作者:手机用户2502929183 | 来源:互联网 | 2023-08-14 22:08
Iamsettingupthefollowingexamplewhichissimilartomysituationanddata:我正在设置以下示例,该示例与我的情况和
I am setting up the following example which is similar to my situation and data:
我正在设置以下示例,该示例与我的情况和数据类似:
Say, I have the following DataFrame:
说,我有以下DataFrame:
df = pd.DataFrame ({'ID' : [1,2,3,4],
'price' : [25,30,34,40],
'Category' : ['small', 'medium','medium','small']})
Category ID price
0 small 1 25
1 medium 2 30
2 medium 3 34
3 small 4 40
Now, I have the following function, which returns the discount amount based on the following logic:
现在,我有以下功能,它根据以下逻辑返回折扣金额:
def mapper(price, category):
if category == 'small':
discount = 0.1 * price
else:
discount = 0.2 * price
return discount
Now I want the resulting DataFrame:
现在我想要生成的DataFrame:
Category ID price Discount
0 small 1 25 0.25
1 medium 2 30 0.6
2 medium 3 40 0.8
3 small 4 40 0.4
So I decided to call series.map on the column price because I don't want to use apply. I am working on a large DataFrame and map is much faster than apply.

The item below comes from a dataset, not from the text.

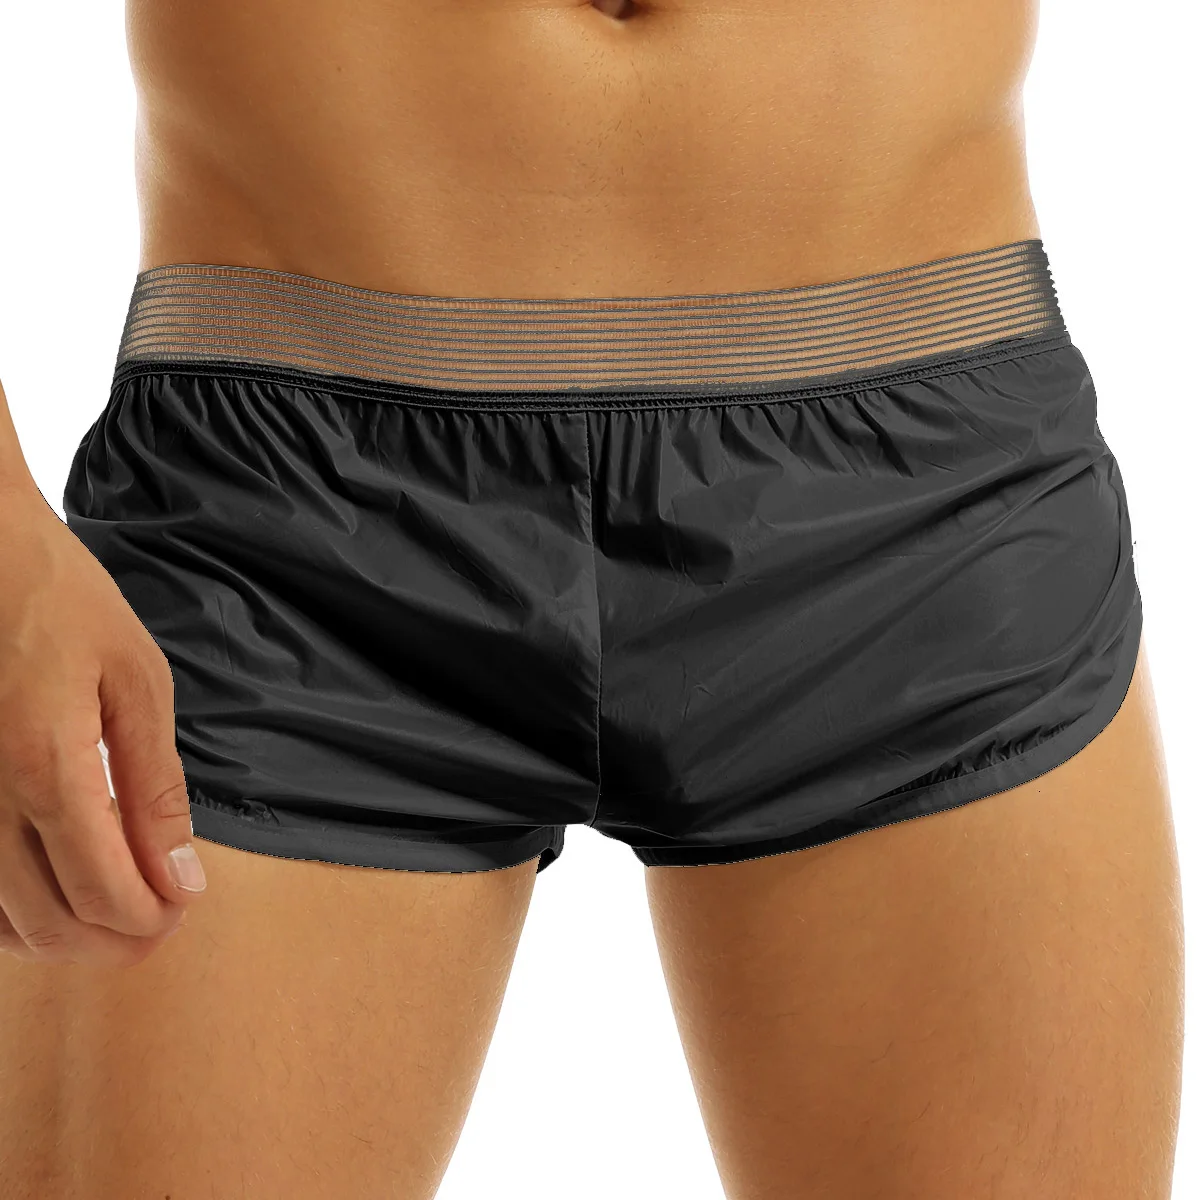 Freebily Mens Faux Leather Side Split Boxer Briefs Gym Sports Shorts Swim Trunks Underpants 
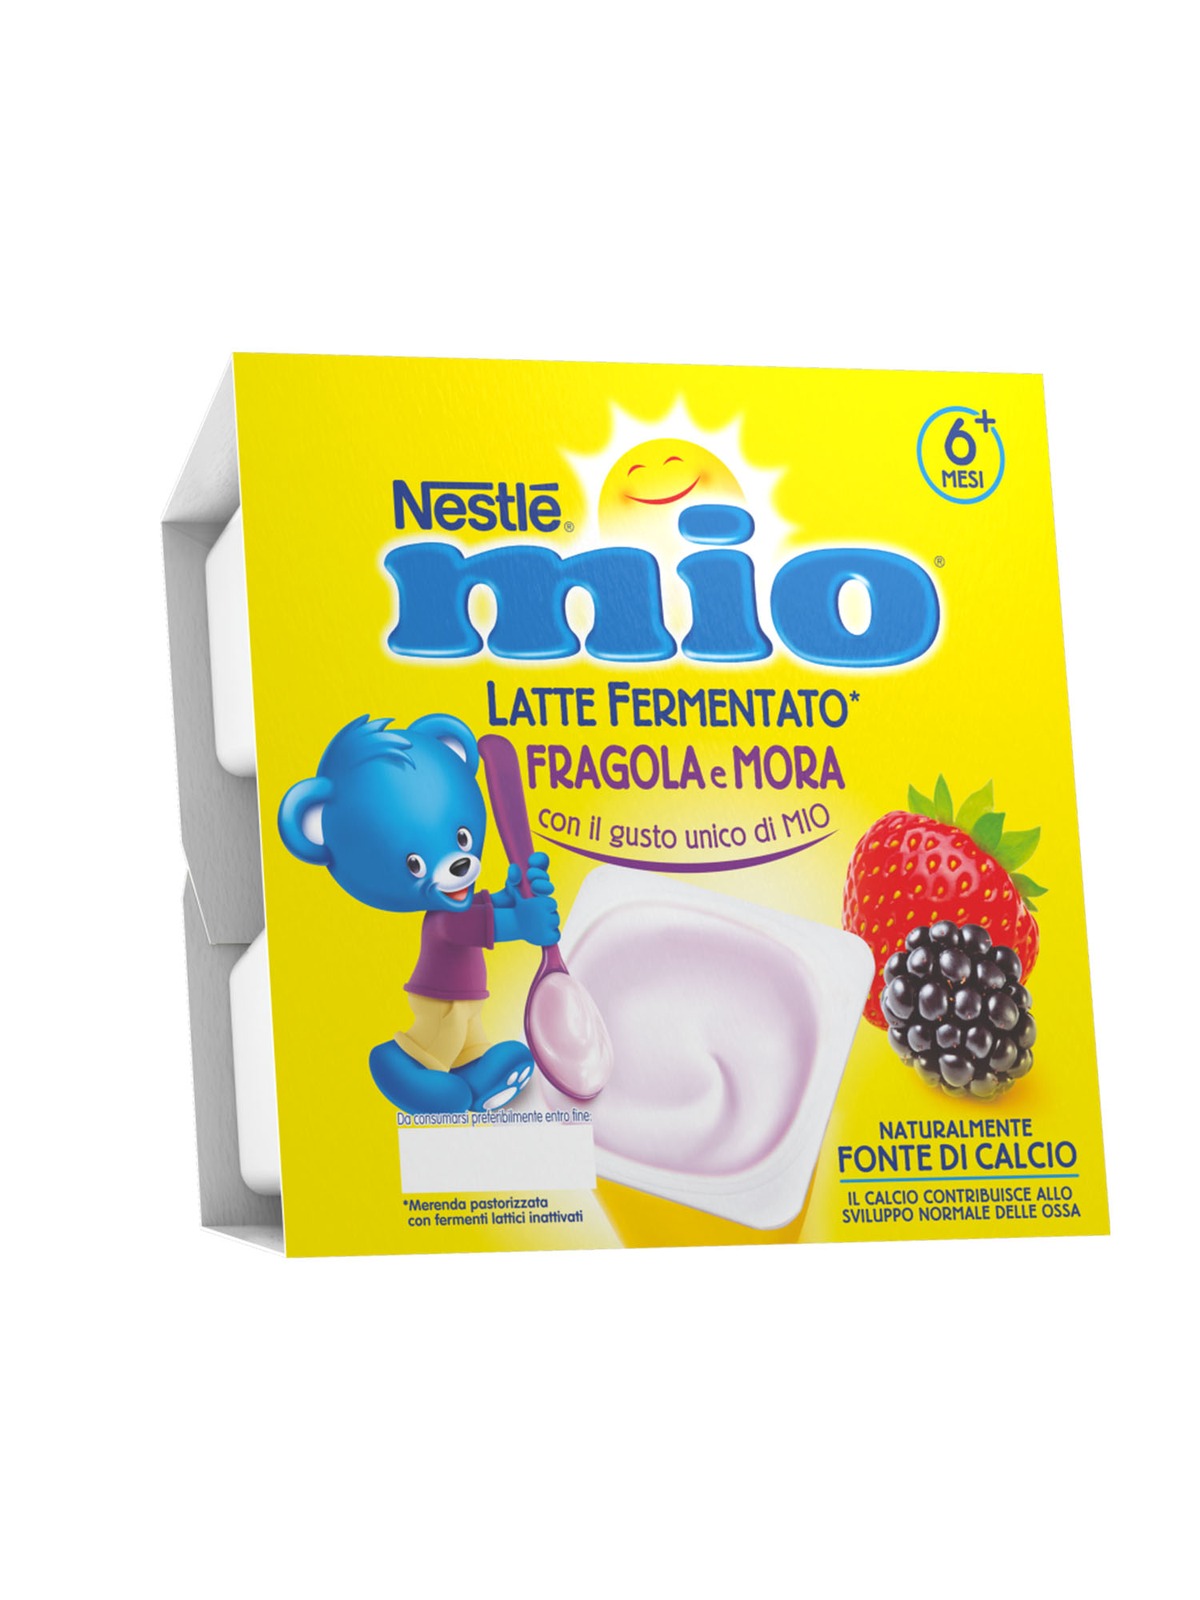 Nestle' mio merenda latte fermentato fragola e mora - Nestlé Mio

所以我决定在列价上调用series.map,因为我不想使用apply。我正在处理大型DataFrame,并且映射比应用快得多。
I tried doing this:
我试过这样做:
for c in list(sample.Category.unique()):
sample[sample['Category'] == c]['Discount'] = sample[sample['Category'] == c]['price'].map(lambda x: mapper(x,c))
And that didn't work as I expected because I am trying to set a value on a copy of a slice of the DataFrame.
这并没有像我预期的那样工作,因为我试图在DataFrame片的副本上设置一个值。
My question is, Is there a way to do this without using df.apply()
?
我的问题是,有没有办法在不使用df.apply()的情况下执行此操作?
3 个解决方案
8
One approach with np.where
-
使用np.where的一种方法 -
mask = df.Category.values=='small'
df['Discount'] = np.where(mask,df.price*0.01, df.price*0.02)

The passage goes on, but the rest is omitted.